A collaboration between Google Cloud and NVIDIA has enabled Apache Beam customers to maximise the efficiency of ML fashions inside their knowledge processing pipelines, utilizing NVIDIA TensorRT and NVIDIA GPUs alongside the brand new Apache Beam TensorRTEngineHandler.
The NVIDIA TensorRT SDK supplies high-performance, neural community inference that lets builders optimize and deploy skilled ML fashions on NVIDIA GPUs with the best throughput and lowest latency, whereas preserving mannequin prediction accuracy. TensorRT was particularly designed to help a number of lessons of deep studying fashions, together with convolutional neural networks (CNNs), recurrent neural networks (RNNs), and Transformer-based fashions.
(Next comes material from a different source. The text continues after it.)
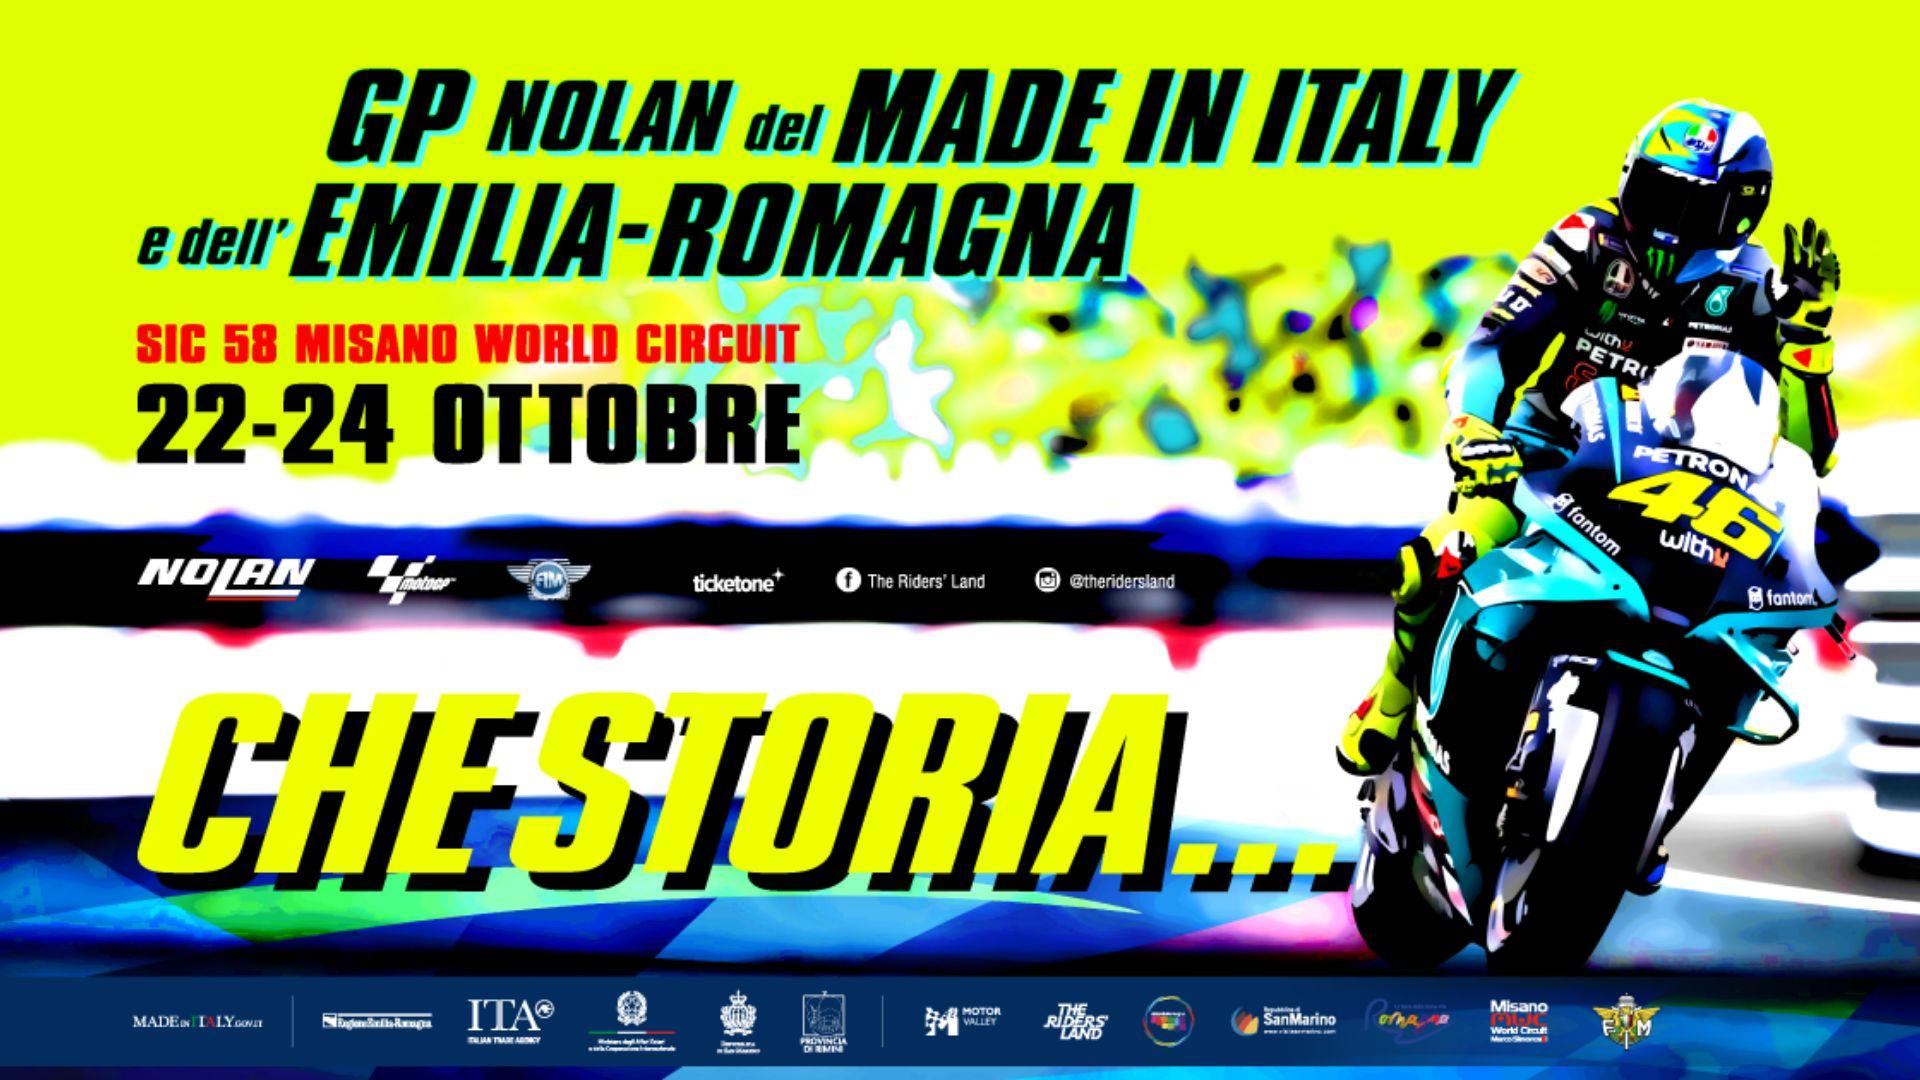 The Misano GP celebrates the myth of Valentino in Aldo Drudi's poster.

Deploying and managing end-to-end ML inference pipelines whereas maximizing infrastructure utilization and minimizing complete prices is a tough drawback. Integrating ML fashions in a manufacturing knowledge processing pipeline to extract insights requires addressing challenges related to the three most important workflow segments:
-
Preprocess massive volumes of uncooked knowledge from a number of knowledge sources to make use of as inputs to coach ML fashions to “infer / predict” outcomes, after which leverage the ML mannequin outputs downstream for incorporation into enterprise processes.
-
Name ML fashions inside knowledge processing pipelines whereas supporting totally different inference use-cases: batch, streaming, ensemble fashions, distant inference, or native inference. Pipelines are usually not restricted to a single mannequin and infrequently require an ensemble of fashions to supply the specified enterprise outcomes.
-
Optimize the efficiency of the ML fashions to ship outcomes inside the software’s accuracy, throughput, and latency constraints. For pipelines that use advanced, computate-intensive fashions for use-cases like NLP or that require a number of ML fashions collectively, the response time of those fashions usually turns into a efficiency bottleneck. This will trigger poor hardware utilization and requires extra compute sources to deploy your pipelines in manufacturing, resulting in doubtlessly larger prices of operations.
Google Cloud Dataflow is a totally managed runner for stream or batch processing pipelines written with Apache Beam. To allow builders to simply incorporate ML fashions in knowledge processing pipelines, Dataflow not too long ago introduced help for Apache Beam’s generic machine studying prediction and inference rework, RunInference. The RunInference rework simplifies the ML pipeline creation course of by permitting builders to make use of fashions in manufacturing pipelines without having numerous boilerplate code.
You’ll be able to see an instance of its utilization with Apache Beam within the following code pattern. Observe that the engine_handler is handed as a configuration to the RunInference rework, which abstracts the consumer from the implementation particulars of working the mannequin.